En parte, esta violencia institucional desatada sucede como cola de cometa, porque fue esta misma oposición siendo gobierno la que empoderó con nociva dirección política a las fuerzas de seguridad, las que nunca estuvieron muy “desempoderadas” que digamos, más allá del lugar que hayan ocupado los diferentes casos y denuncias en los medios. Y, por otro lado, porque cayó sobre esas mismas fuerzas la responsabilidad de controlar el cumplimiento de la cuarentena obligatoria. Una responsabilidad que se traduce en más poder sin haber tenido el tiempo de reestructuración suficiente como para diagramar una dirección más democratizadora. Claro, si es que hay una idea de darle esa dirección.
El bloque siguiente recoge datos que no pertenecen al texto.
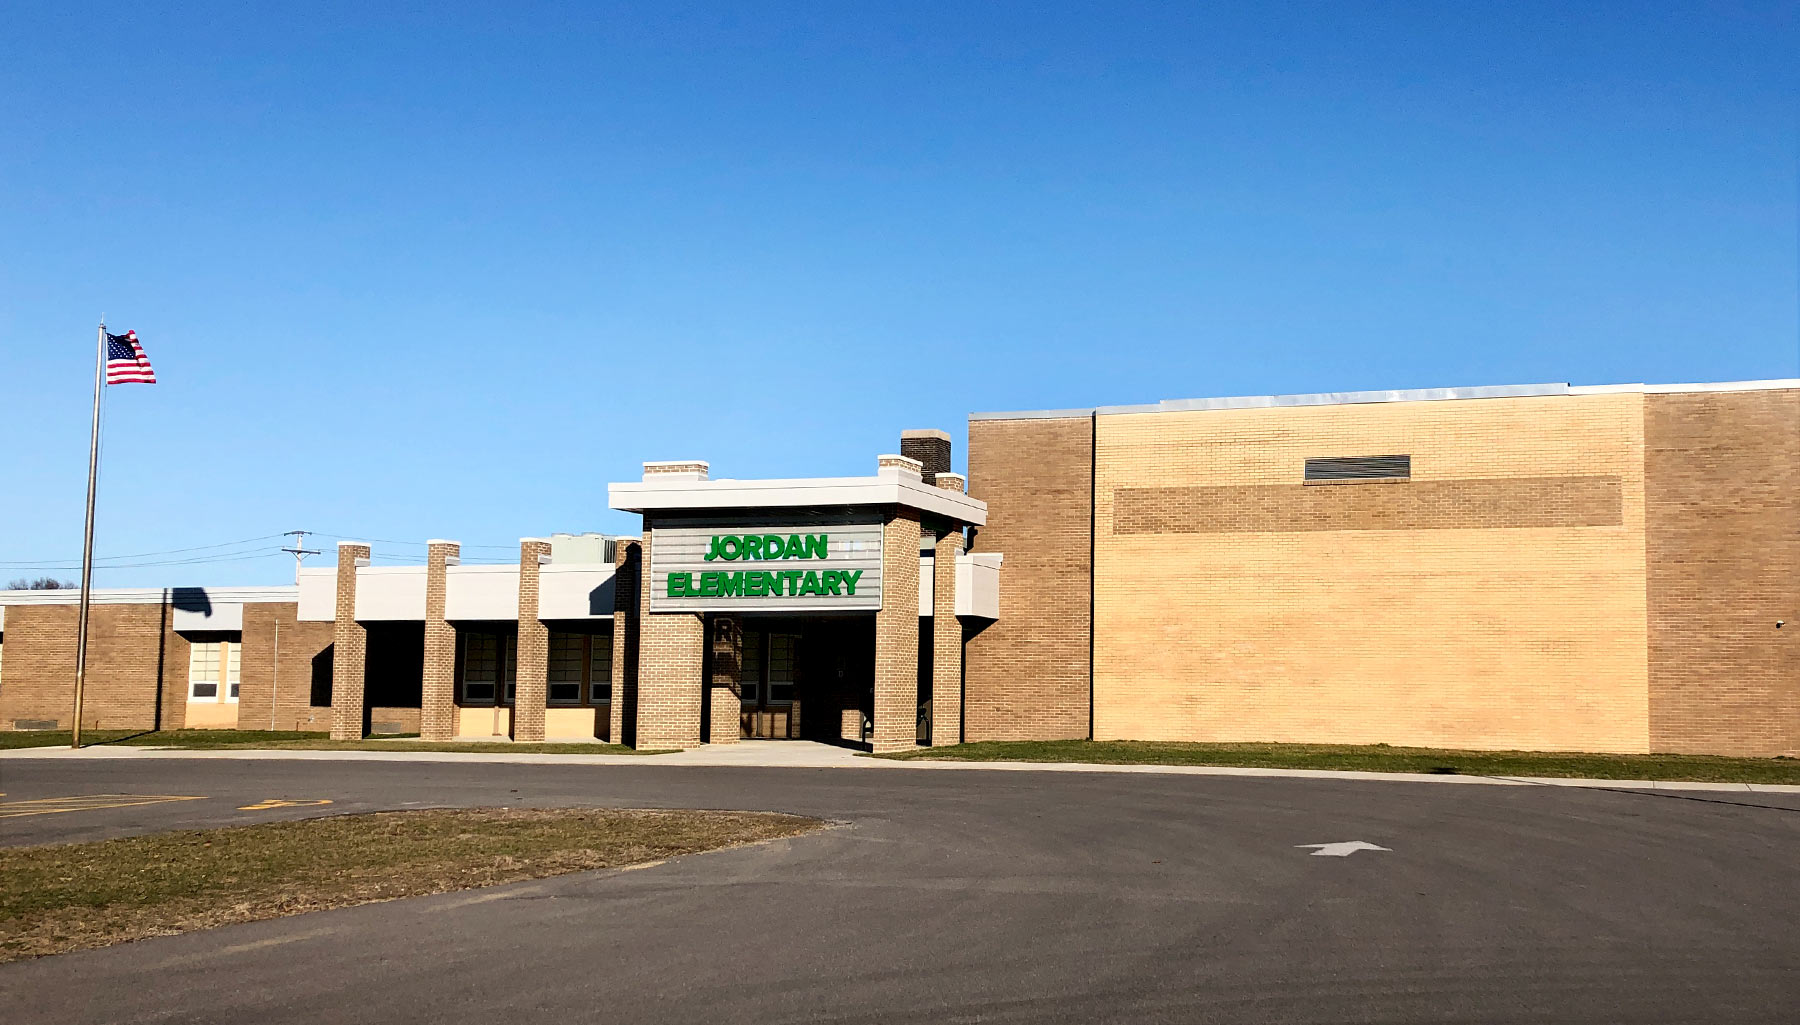 Shores Builders, Centralia City School Project For Jordan Elementary School in Centralia, Illinois

Si rápidamente las legítimas sospechas que causaba la medida empezaron a contabilizarse en hechos concretos, ya pasando los más de 100 días de cuarentena el accionar de las fuerzas es enfáticamente insostenible, tan insostenible como la respuesta oficial. Una respuesta que sabe a poco y a insuficiente, pero que va muy a tono con el mood que se eligió tomar —al menos hasta hoy— en términos generales: dejar o dejarse marcar el ritmo por la oposición, incluyendo la dinámica de la crisis y un absoluto control de la agenda alrededor de la pandemia, ya sea de forma directa como de forma transitiva.
Pero es principalmente cuestionable la no disputa de posición frente a una agenda de violencia institucional que pide intervenciones radicales con urgencia porque, lejos de ser mero cinismo y aprovechamiento político, lo que saldrá de este oportuno interés opositor sobre estos temas será —llegado un supuesto momento de retorno al poder— la base de un nuevo mandato respecto a las políticas de seguridad, y si algo está claro es cómo la dirigencia de Juntos por el Cambio piensan esas políticas y la utilidad que le dan, pero más aún, el problema es que no solo un gobierno que llegó a su lugar representando al campo popular le cede la voz del sentido a la derecha siendo el precedente funcional para habilitar a futuro otro nuevo giro de las fuerzas, sino que ya no alcanzan los reformismos.
Si algo necesitan los tiempos extraordinarios son respuestas extraordinarias. La cuarentena expuso la desigualdad como nunca y distintas facetas de esa desigualdad, íntima en muchos casos con la violencia institucional. Este panorama deja sin disimulo a los problemas sistémicos, y como tales, trascienden la pandemia, y es en ese contrapunto que se refuerza la sensación de una respuesta oficial insuficiente. La pandemia no tapa lo sistémico, lo ilumina tanto que necesita lecturas particulares, medidas propias, un plan específico, no retóricas generales ni parches, mucho menos ya escuchados, y mucho menos basados en acciones de fe.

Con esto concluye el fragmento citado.